▸ **WHAT YOU ARE ASKED TO DO**
Reproduce verbatim the lines of the material below, starting at the line with "PANTONE 14-0827 TCX - Dusky" and ending at the line with "BVLGARI Sunglasses 6007 B Brown | Luxity", both inclusive; skip the rest.

[DATASET]

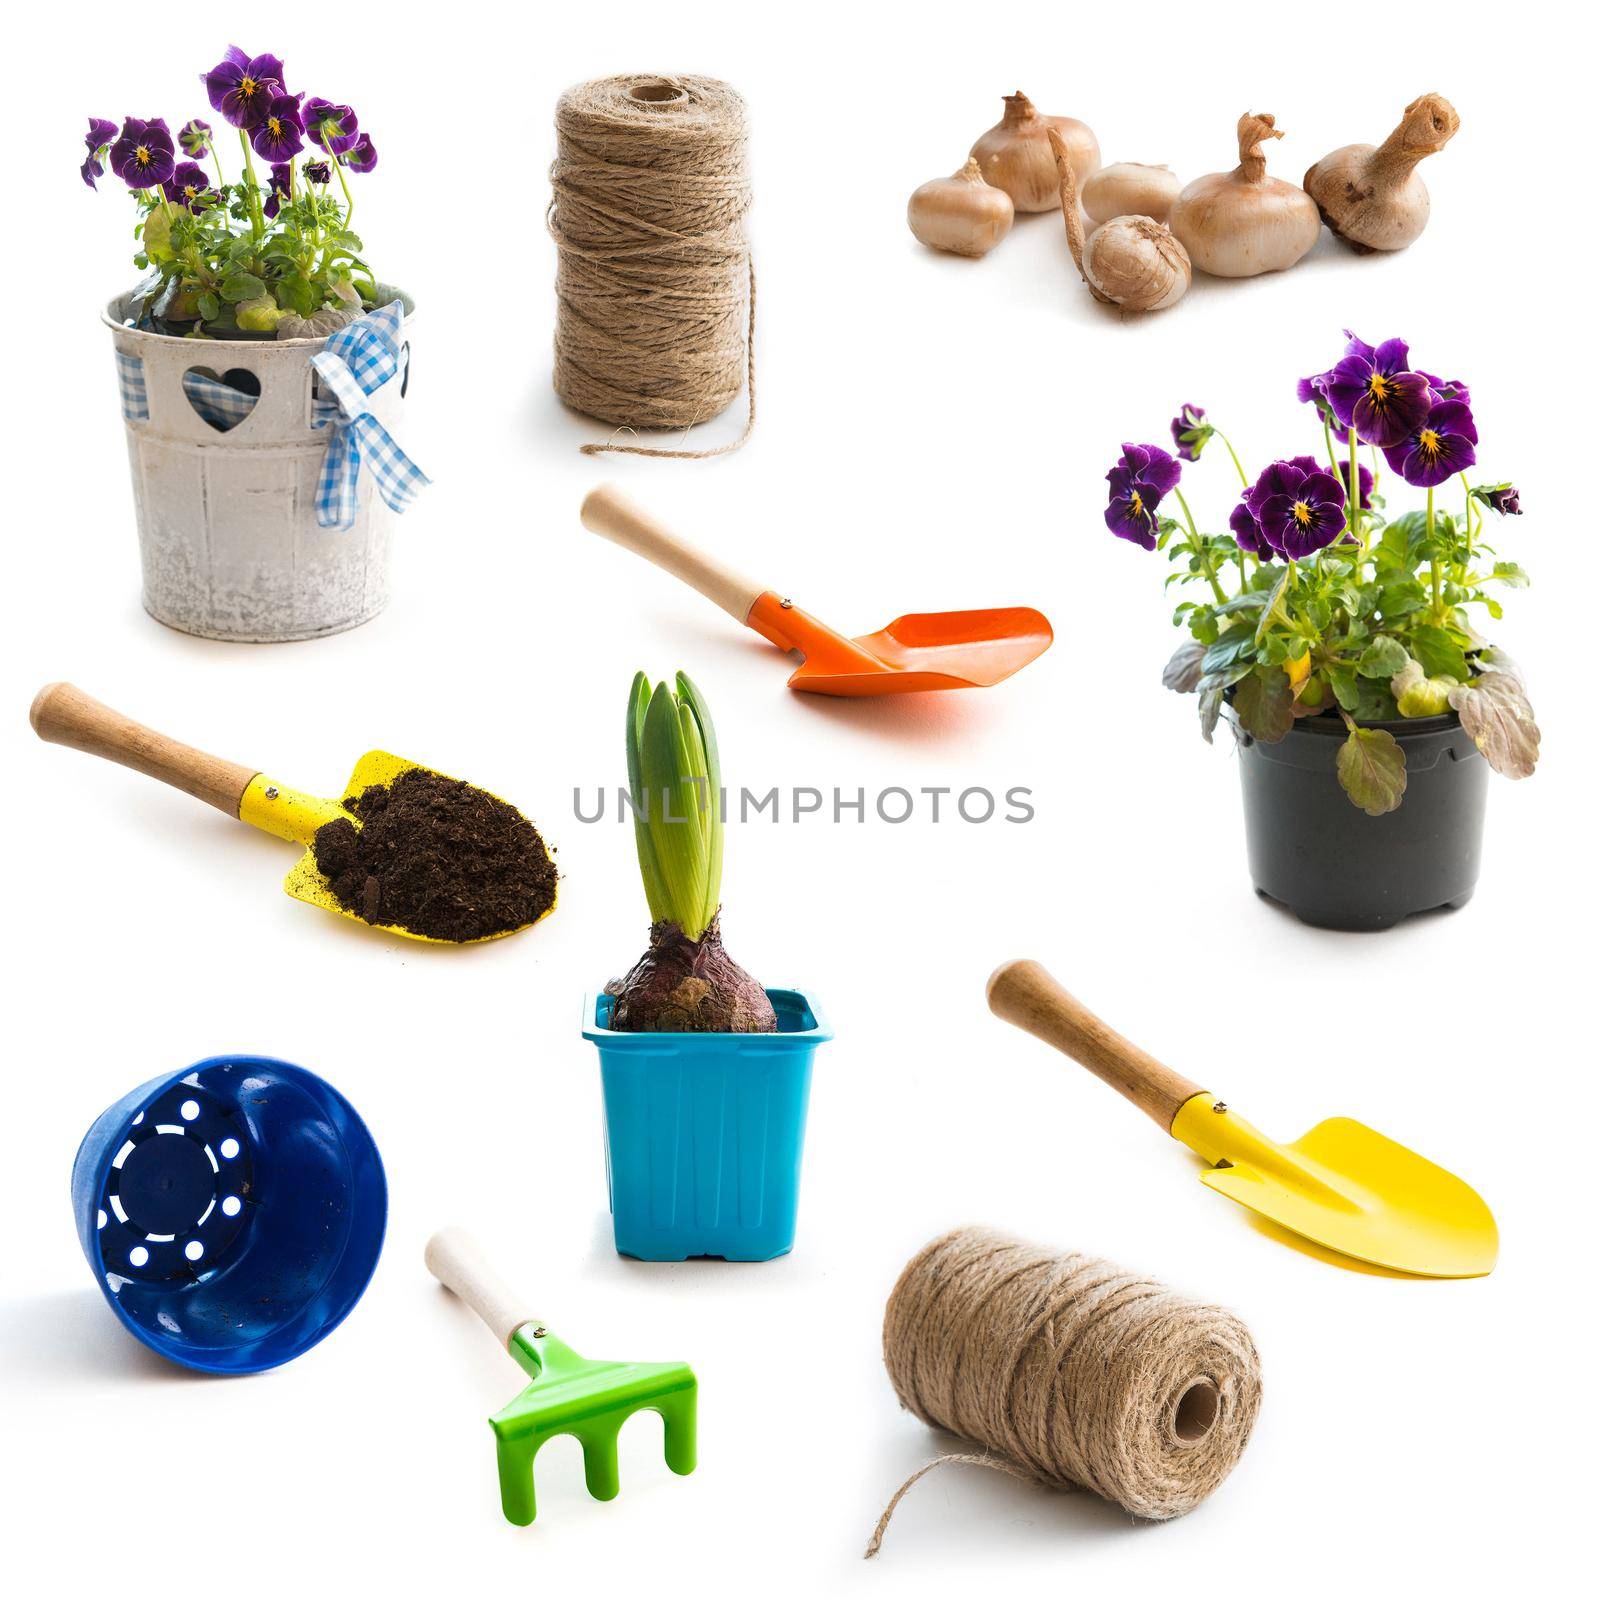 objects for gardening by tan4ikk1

[/DATASET]
[DATASET]

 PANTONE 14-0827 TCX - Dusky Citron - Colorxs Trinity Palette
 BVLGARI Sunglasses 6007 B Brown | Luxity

[/DATASET]

▸ **RESPONSE**
 PANTONE 14-0827 TCX - Dusky Citron - Colorxs Trinity Palette
 BVLGARI Sunglasses 6007 B Brown | Luxity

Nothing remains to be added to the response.